Амелия что-то неразборчиво произнесла, и он поднял голову, но увидел только, что решимость на ее лице уступила место растерянности. Губы ее чуть заметно шевелились, но он не слышал ни звука, если не считать ее частого и неглубокого дыхания.
Осторожность и остатки порядочности удержали его от того, чтобы потянуть ее за руку и опрокинуть на себя.
Будь прокляты осторожность и порядочность!
Тем временем Амелия снова опустилась на краешек его кровати, словно ее вдруг перестали держать ноги. Широко раскрыв глаза, она смотрела на него, пока Доусон осторожно касался кончиками пальцев ее лица. Вот брови, вот — скулы, вот нос и губы, вот подбородок… Словно слепой, он ощупью исследовал и запоминал ее черты.
Видя, что Амелия не сопротивляется, Доусон отвел в сторону ее густые волосы и уткнулся лицом в ямку между плечом и шеей, согревая ей кожу своим дыханием и лаская вмиг пересохшими губами.
— Я никогда… никогда не причинил бы тебе вреда. Никогда! Я бы просто не смог. — И он легко поцеловал ее в шею. Потом еще раз.
Ее голова слегка откинулась назад. Доусон воспринял это как знак согласия, и его поцелуи стали горячее и настойчивее. Когда он добрался до ее уха, Амелия начала отзываться. Вот она глубоко вздохнула, сбрасывая напряжение, и сразу же ее тело стало мягче, податливее. Кроме того, ему показалось, что она, пусть совсем немного, но все же придвинулась к нему ближе. Ее рука робко легла на плечо Доусона, и он, приподняв голову, заглянул ей в глаза.

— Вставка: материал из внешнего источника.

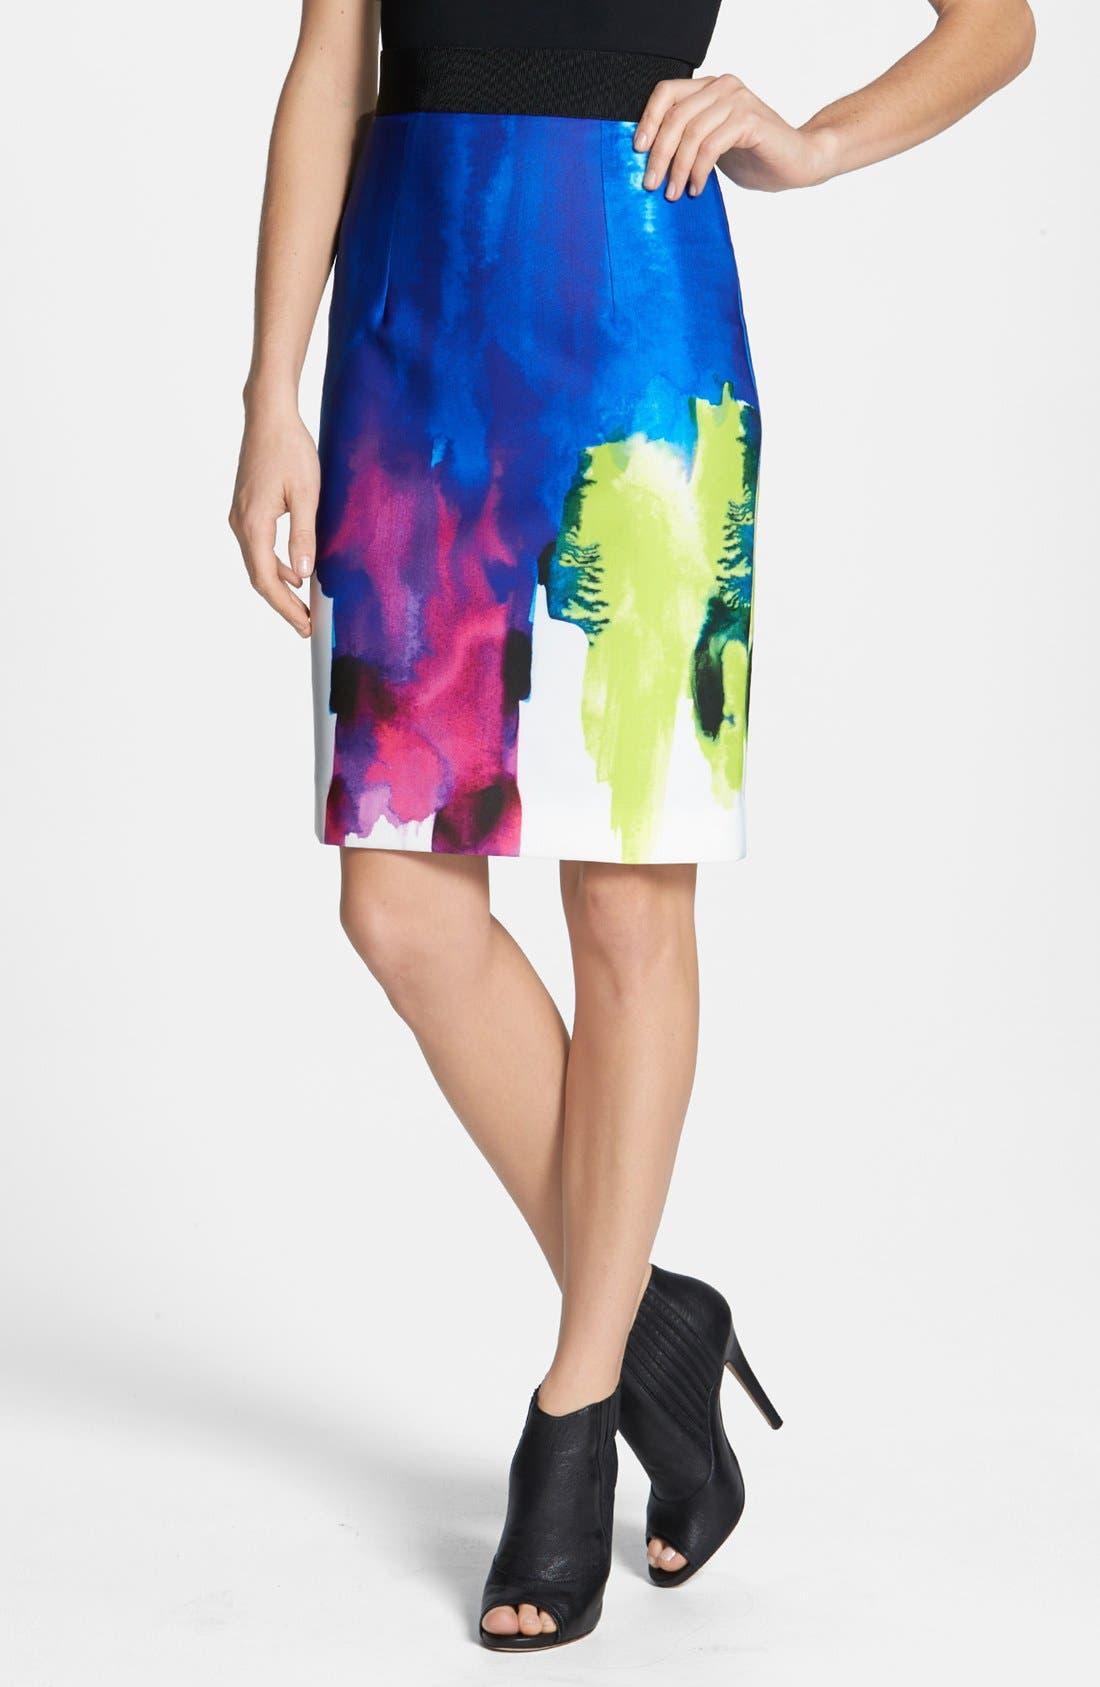 Main Image - Milly 'Italian Surf' Neoprene Pencil Skirt

— Я не похож на него, Амелия, клянусь! Я не такой. Не такой!.. Я умею держать себя в руках.
— Я не боюсь, что ты потеряешь контроль над собой, — ответила она. — Я боюсь, что я его потеряю!

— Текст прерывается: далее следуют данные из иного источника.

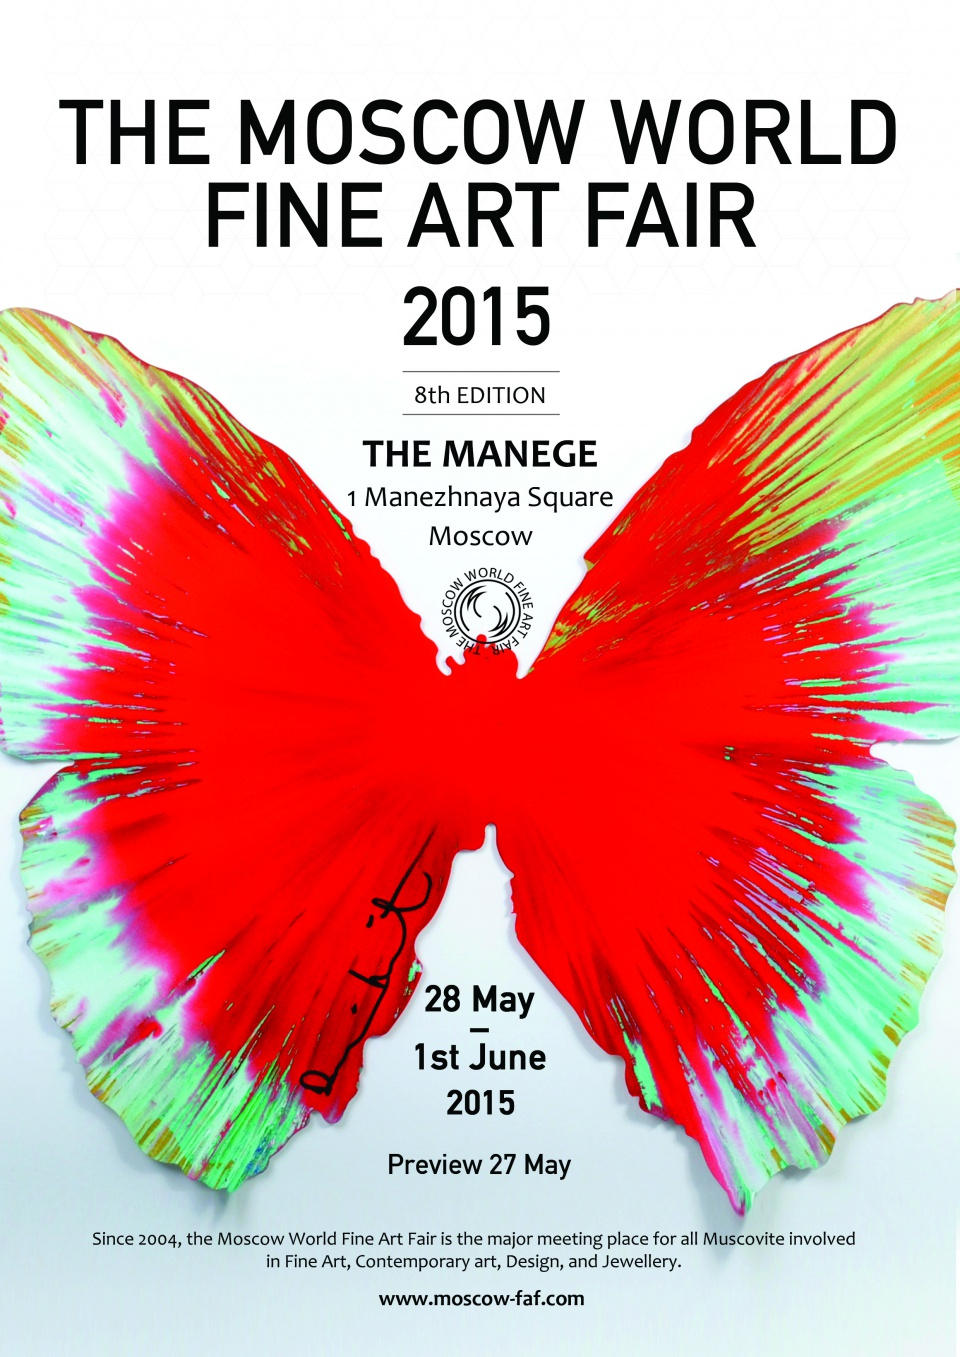 Affiche 2 The Moscow World fine Art Fair 2015

Она произнесла эти слова неожиданно низким, мягким голосом, и Доусону до боли в груди захотелось, чтобы этот голос был чем-то таким, что можно гладить, целовать, пробовать на вкус. Негромко выругавшись, он заключил ее лицо в ладони и поцеловал еще раз — слишком глубоко и слишком крепко для первого раза. Наверное, правильнее было действовать не торопясь и сначала подготовить Амелию, но Доусон просто не мог сдержаться — о чем-то подобном он мечтал с того самого момента, когда впервые увидел ее в зале судебных заседаний.
Вопреки его ожиданиям, Амелия не оттолкнула его, но сама поцеловала его в ответ — да еще с таким пылом, какого он не ожидал. Ее пальцы то впивались в его обнаженные плечи, то тянули и дергали пряди его длинных волос, и эта несдержанность была не только удивительной, но и очень приятной.
Какое-то время спустя их поцелуи стали еще более нетерпеливыми и жадными. Доусон уложил Амелию спиной на кровать, и сам склонился над ней. Одеяло свалилось на пол, и теперь их тела разделяла только тонкая фланель ее пижамных штанишек, поскольку, ложась в постель, Доусон разделся донага. От этого прикосновения он негромко застонал, а Амелия к тому же машинально потерлась о его восставшее естество, добавляя Доусону приятных ощущений. Ее движения были не резкими, но мягкими, бесконечно женственными, от них у него буквально перехватило дыхание.
Сам Доусон действовал не столь деликатно. Его руки жадно и нетерпеливо шарили по ее телу, спеша прикоснуться к обнаженной коже. Вот его пальцы нащупали резинку пижамных штанов и, протиснувшись под ней, стали ласкать изгибы ее ягодиц. В ответ Амелия слегка раздвинула бедра, и Доусон устремился по открывшемуся ему пути.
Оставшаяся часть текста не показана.